Another False Lifeline
Why the Market will Continue to Pivot to First-Party Data and Stop Its Preoccupation with Chrome’s ‘Legacy’ 3rd Party Cookie.
Google’s decision to retain third-party cookies in Chrome is a seductive trap, luring advertisers, publishers, SSPs, and DSPs into continued over-reliance on antiquated tech and complacency while the addressable market collapses. While Chrome powers 65% of global browsing, it only actually addresses ~30% of users via third-party cookies in the browser, leaving high-value audiences, such as Apple’s ~1 billion affluent consumers and tech-savvy young spenders, beyond reach 1, 2. This non-announcement is a clarion call for the adtech ecosystem to harness the unstoppable momentum of first-party data, seizing the opportunity to redefine precision and control while putting the 3rd party cookie in its place alongside publisher first-party signals.
The Cookie Collapse: Why Only 30% Are Addressable
Chrome’s 65% share of global browsers paints a misleading picture—third-party cookies reach just ~30% of users worldwide, eroded by privacy tools and consumer behavior 1, 2. Ad blockers, used by 42% globally and 47% in the U.S., block tracking scripts3. Private browsing, embraced by 29% of UK users, and 70% rejecting tracking prompts, shrinks the pool 4, 5. Safari (30% U.S. market share) and Firefox (3.4%) block cookies by default, while iOS limits cookie lifespans to seven days 6, 7. Cache clearing and privacy settings further gut effectiveness.
Safari’s cookieless ecosystem, where cookies have been blocked since 2020, is a blueprint for the future. Universal IDs (UIDs) and contextual targeting thrive there, proving that a privacy-forward cookieless world is viable and vibrant, driving innovation in first-party data and identity graphs 8. But Safari without signal hits hard: advertisers miss Apple’s 1 billion premium-focused users and Gen Z/Millennials who dodge tracking, while publishers lose 33%-50% of their audience to cookie blindness 9, 10. Google’s reprieve, spurred by UK CMA scrutiny, postpones the inevitable, amplifying the urgency for deterministic, privacy-compliant signals11.
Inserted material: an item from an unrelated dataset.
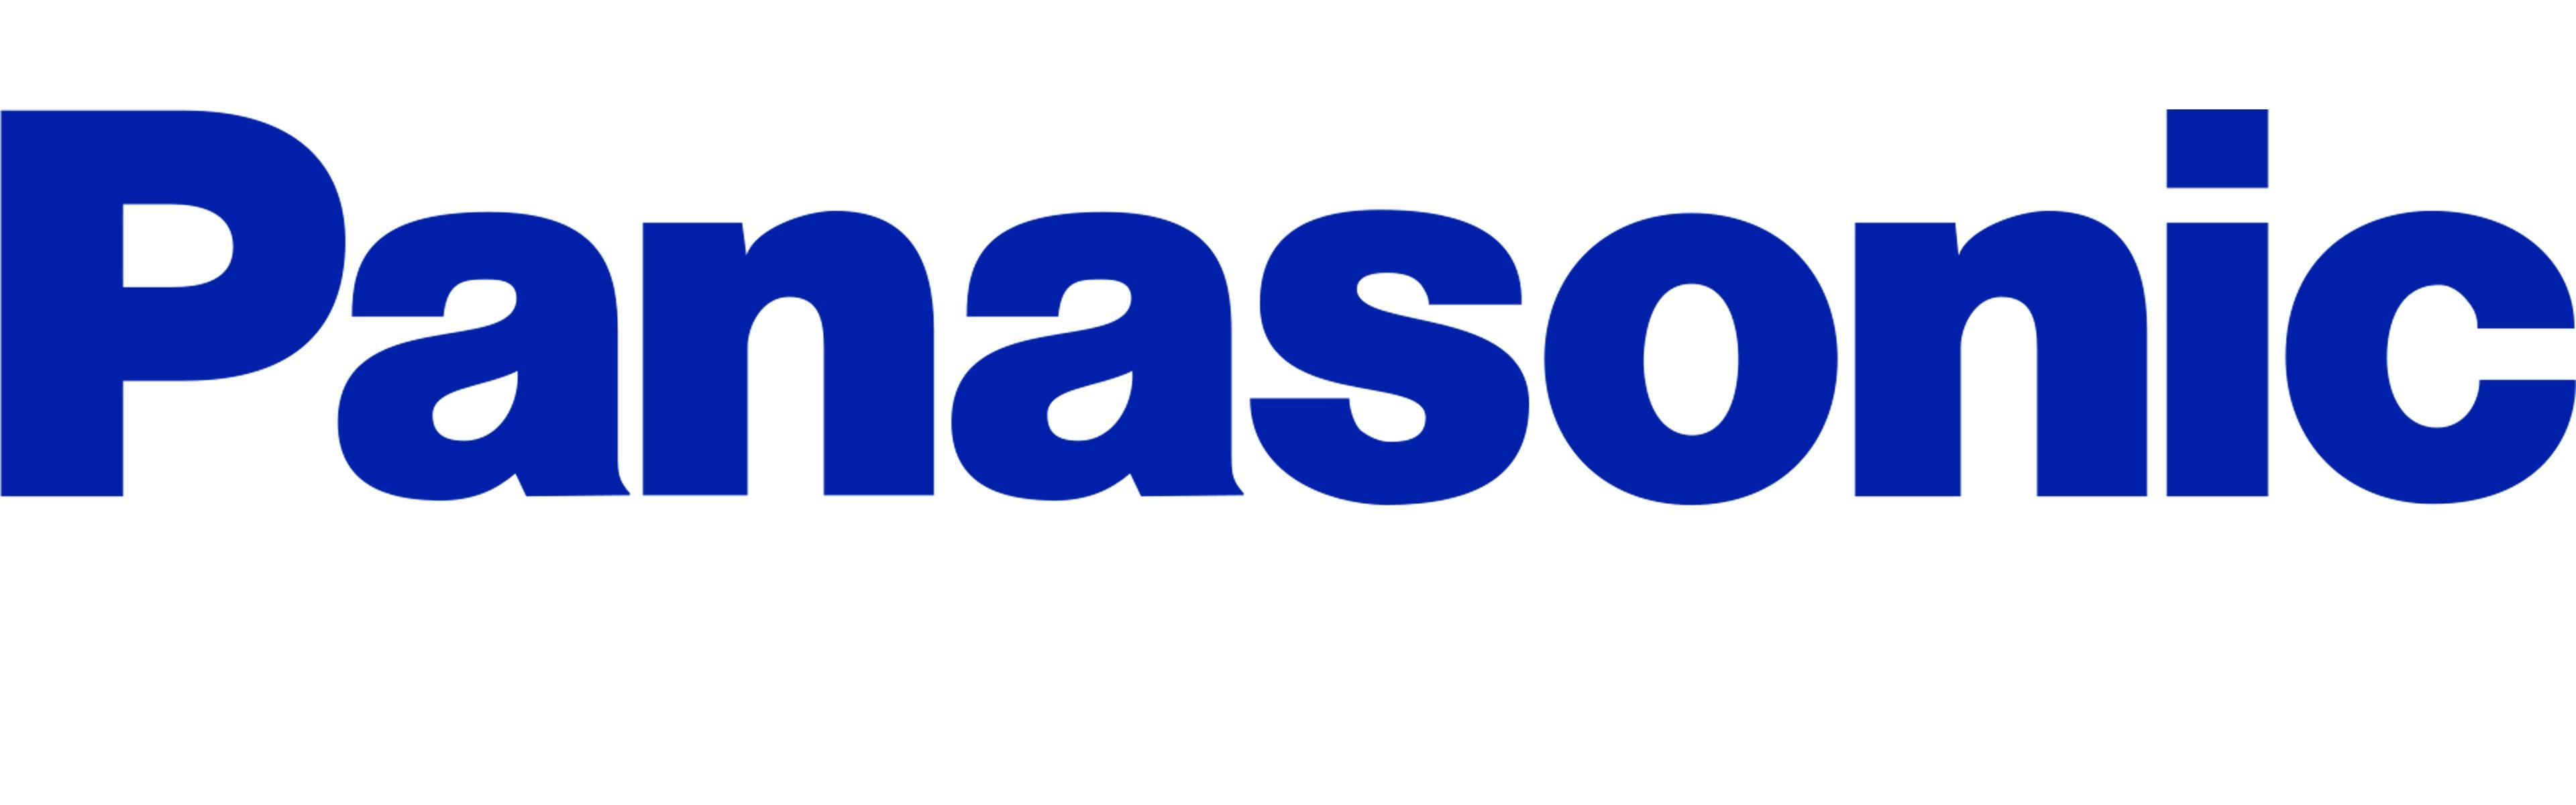 panasonic_logo-3840x1200
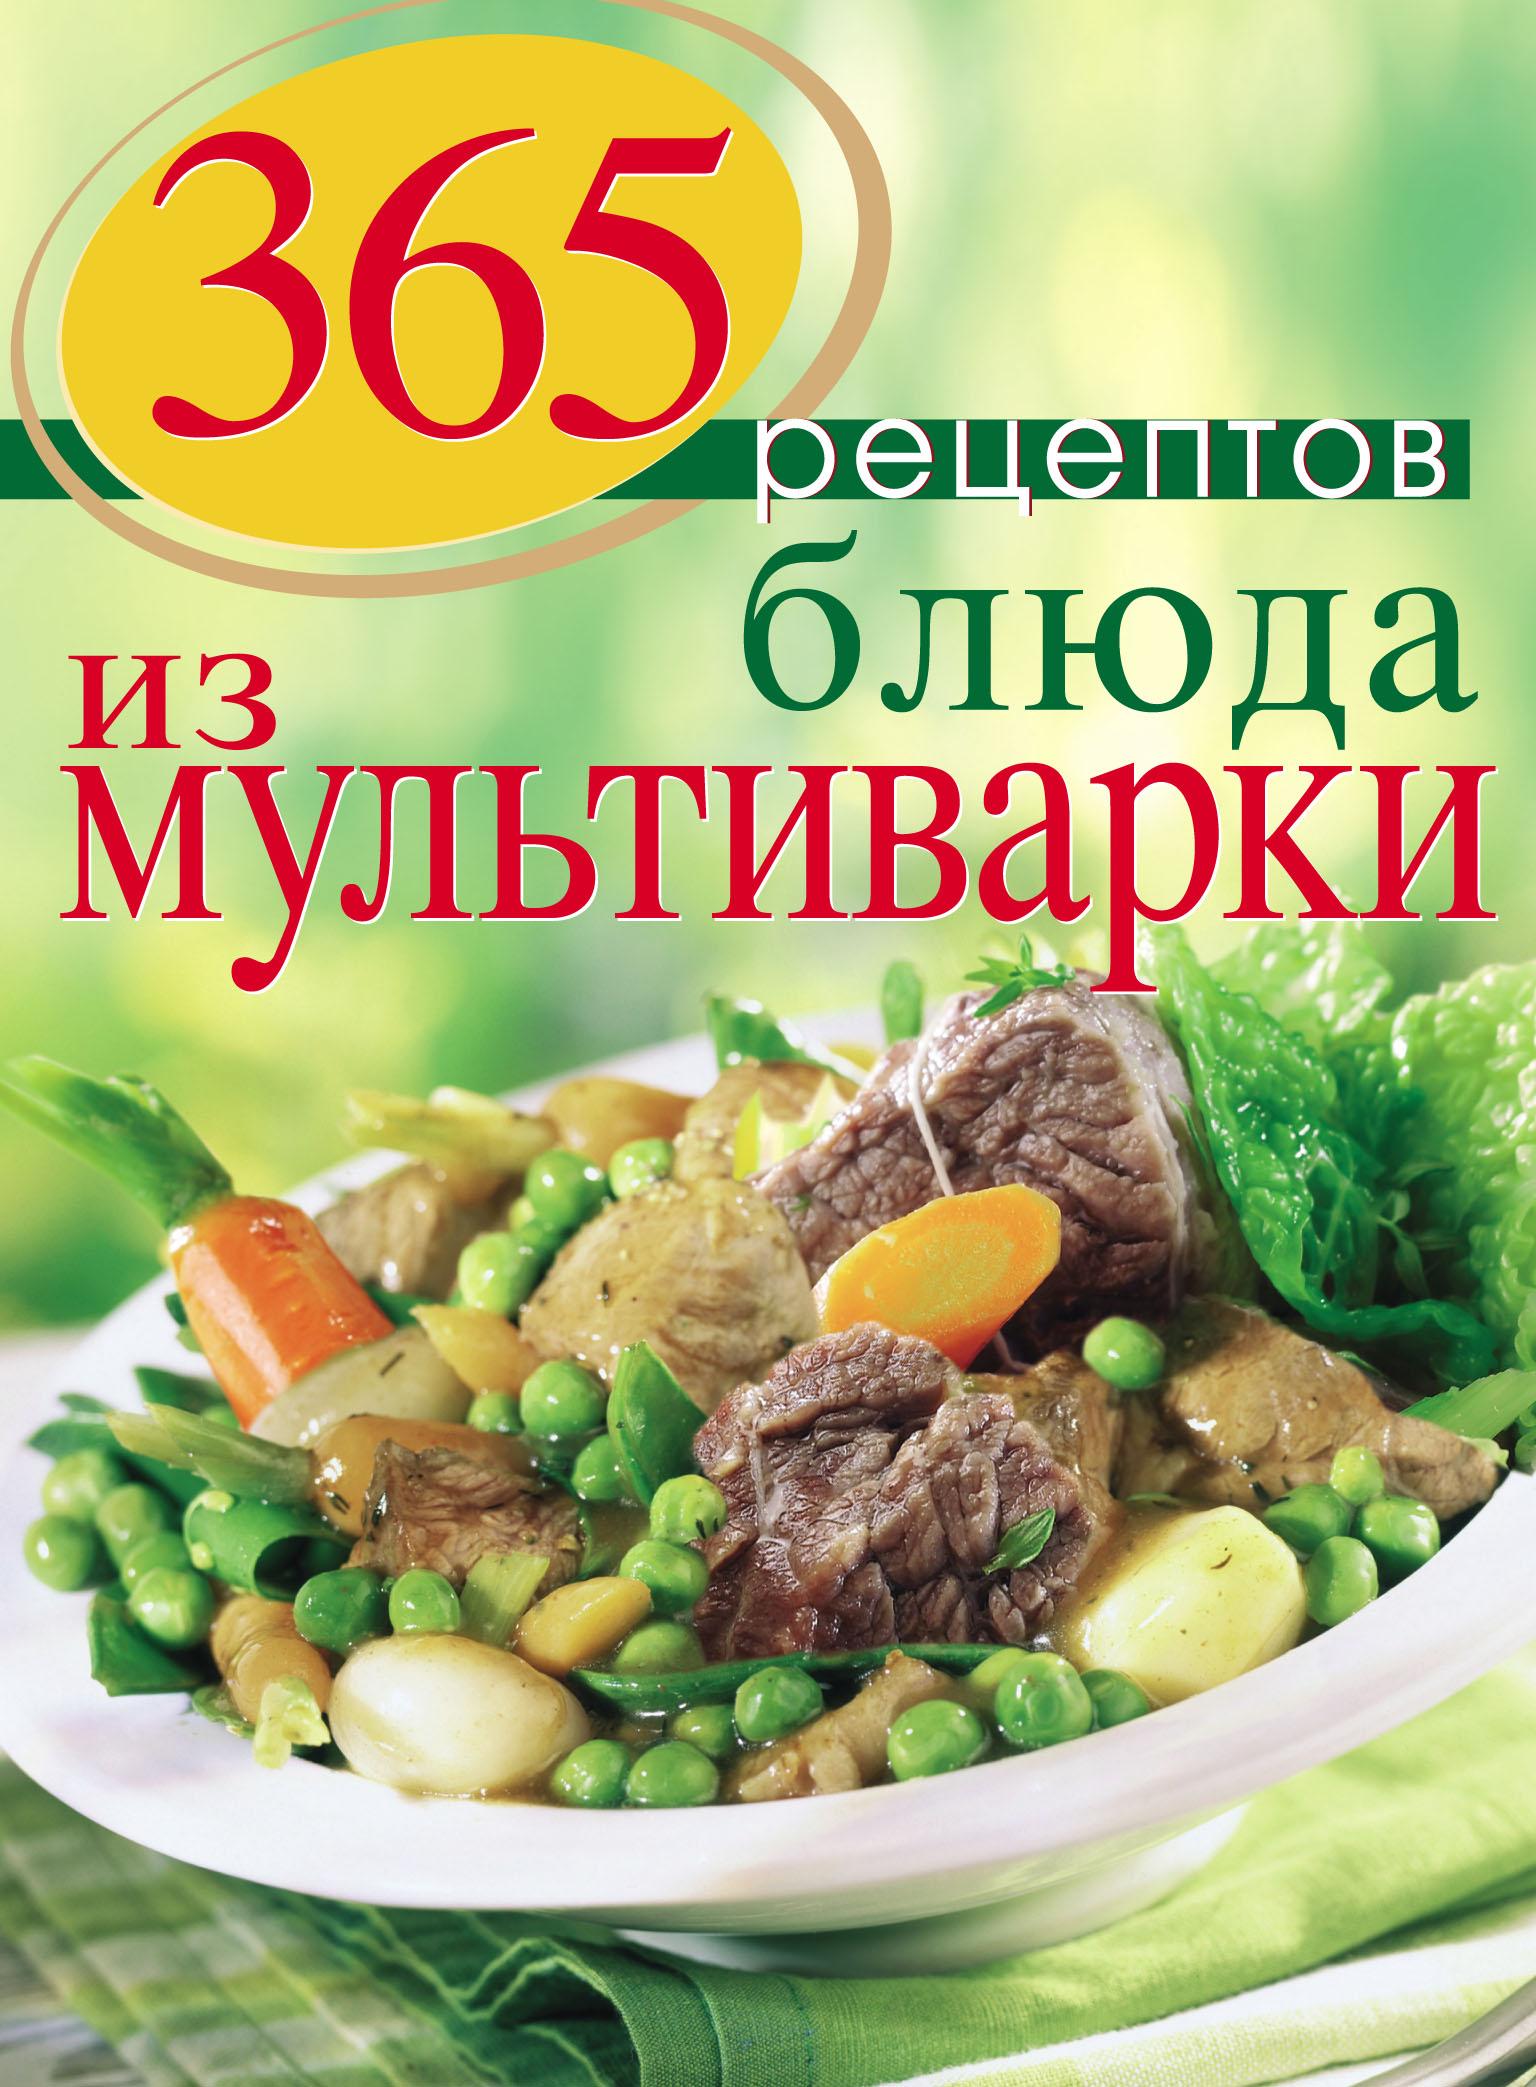 Отсутствует Блюда из мультиварки орлова е блюда из мультиварки

Publishers: Why and How Cookies Fail You
Publishers, Google’s cookie delay shackles you to a crumbling system, forcing you to prop up outdated tech while competitors race toward a privacy-first future. With only 30% of users addressable, 35%-70% of your audience—Safari users, Firefox fans, or privacy hawks—escape cookies’ grasp (2, 10). Cookies fuel data leakage, letting bad actors siphon your audience to low-cost sites, slashing margins. Google’s research shows disabling cookies cuts programmatic revenue by 52%, a stark warning of over-reliance12. The delay, a stall amid regulatory pressure, keeps you trapped in this chaos11. A recent analogy ties a bow around this issue: continuing to rely on the 3rd party cookie as your sole means of addressability is like relying solely on cash in a world of more effective, private, and efficient systems like mobile payments, wire transfers, and ACH exist.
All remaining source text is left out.